Moshfegh and her husband Luke Goebel wrote the screenplay. The book’s scatology and the details about bodily functions have been toned down, but the pair have retained enough of them to generate some of the film’s more queasily funny moments. Such as when Eileen daydreams about being ravished by a hunky guard at work, discreetly masturbates, then sniffs her finger. Otherwise, fantasy sequences such as these add little to dramatizing Eileen’s inner life, certainly compared to what had been so vividly achieved on the page.

But some of their choices improve on the original material. Like changing Lee’s mother from a gross, obese caricature to a more nuanced and far more disturbing character. Played by Marin Ireland, she delivers a monologue more potent in its quiet denunciation of the crimes of the patriarchy and the oppression of women than the highly touted speech in Barbie. Its mounting horror and outrage will harrow your soul. And the accent is perfect.

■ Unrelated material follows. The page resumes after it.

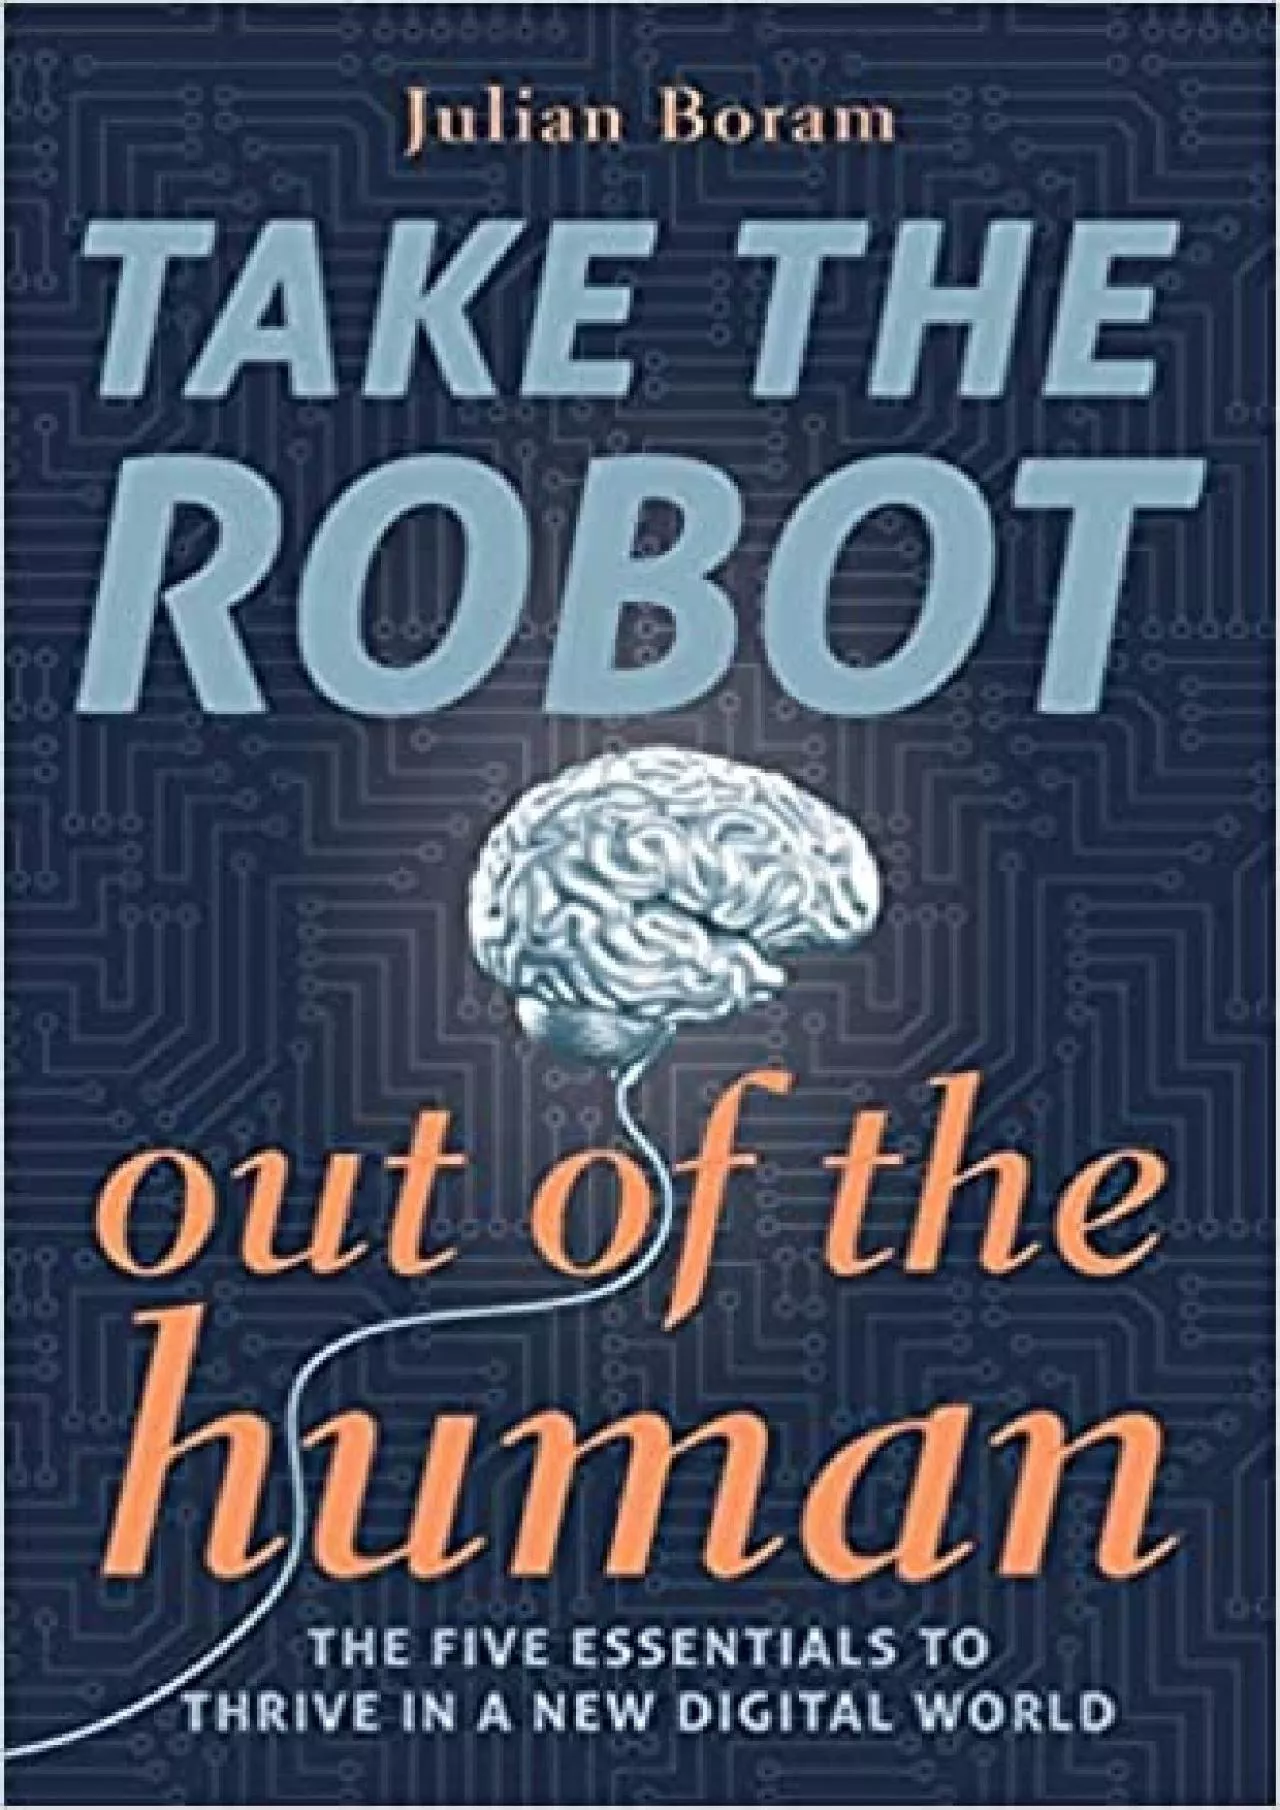 Take The Robot Out of The Human: The 5 Essentials to Thrive in a New Digital World (SHAPE

Peter Keough writes about film and other topics and has contributed to numerous publications. He had been the film editor of the Boston Phoenix from 1989 to its demise in 2013 and has edited three books on film, most recently For Kids of All Ages: The National Society of Film Critics on Children’s Movies (Rowman & Littlefield, 2019).

1 Comments

  1. Gerald Peary on December 12, 2023 at 12:44 pm

    I agree on the odious Boston accents. Why, why, why? But then I also find the whole story repulsively ugly. I really don’t get its chic appeal.